While all of our votes on Tuesday are important, few carry the long-range weight of Proposition R, Ramona Unified School District’s $66 million bond bid.

We’ve read all of the opinions on these pages and on our website the past few weeks. Ramonans put a great deal of time, research, and thought into their submissions. Among those that stand out is Dave Patterson’s “Prop. R dilemma” letter. “Do I vote Yes on Prop. R and kick the underlying problem down the road with more taxes, or do we let the system fail and hope that it will come back stronger and better?”

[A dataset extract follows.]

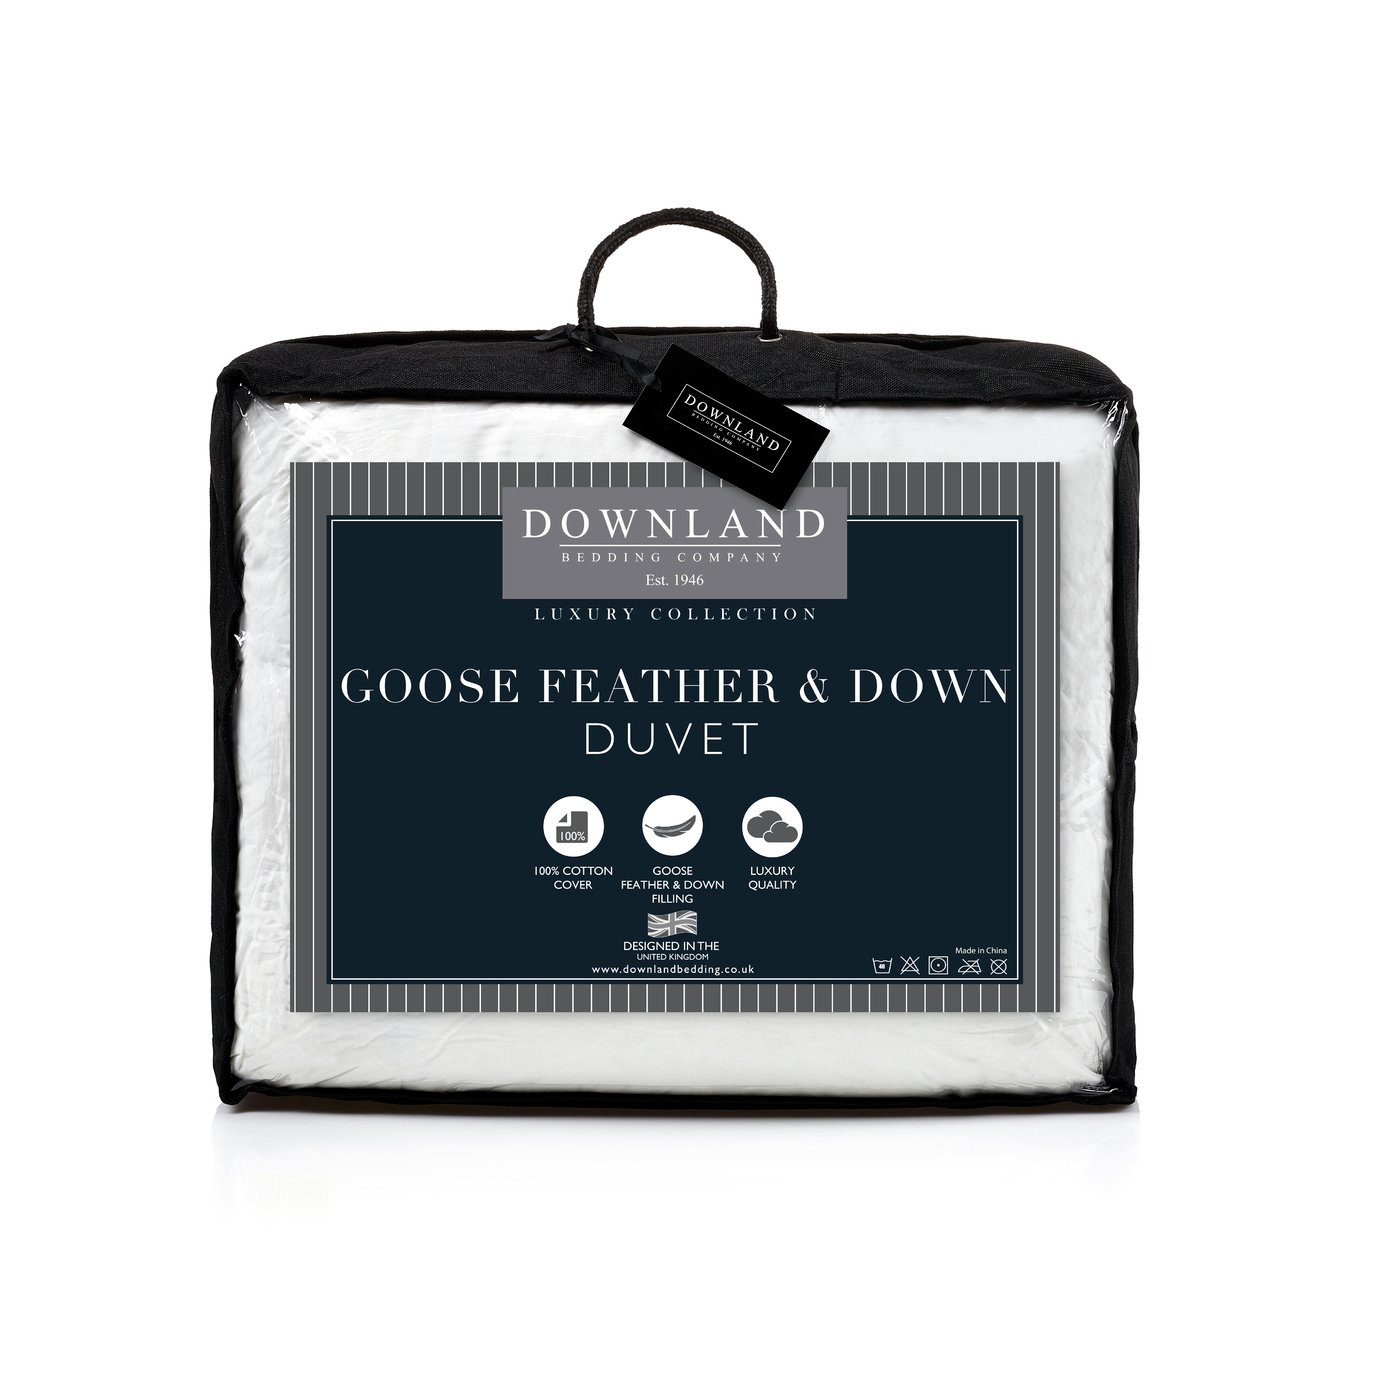 Downland 15 Tog Goose Feather and Down Duvet - Double

We find ourselves in the same spot.

We don’t like it when supporters repeat we’re the only unified district in the county that has not passed a bond. So what? The last time voters said No to a bond, trustees borrowed the $25 million anyway, then received $34 million in state matching funds. Could we twist the language a bit and consider that an after-the-fact bond? We did, after all, elect those trustees.

This round of trustees hired a consultant with a good record of passing bonds. Why waste your time with naysayers when you know how to weave a successful web? San Diego County Taxpayers Association endorsement? That used to mean something to us. We didn’t realize all one has to do is fill in enough blanks correctly. The taxpayers association no longer impresses us. Who does is Trustee Bob Stoody, the only member on the school board who voted No to borrowing $25 million in 2004. He’s still on the board and he supports the bond, saying he’d do so only if he thought there were no other way.

California’s in a fiscal mess, schools have seen less funding, student enrollment continues to drop, and the developer fees the district thought would pay off the 2004 loan have dried up, leaving the district owing $32 million to $34 million, and the district’s in danger of being taken over by the state.

If Ramona supports this bond with the needed 55% of the votes, don’t ask for another bond unless the sky actually falls. Manage the money you receive, build reserves for the next fiscal dip, change your way of thinking about public money. The district’s backed this community into a corner asking for the most it could legally ask for while neighbors are losing their jobs and homes.

So, holding our noses, we head to the ballot box to cast a Yes vote for Prop. R.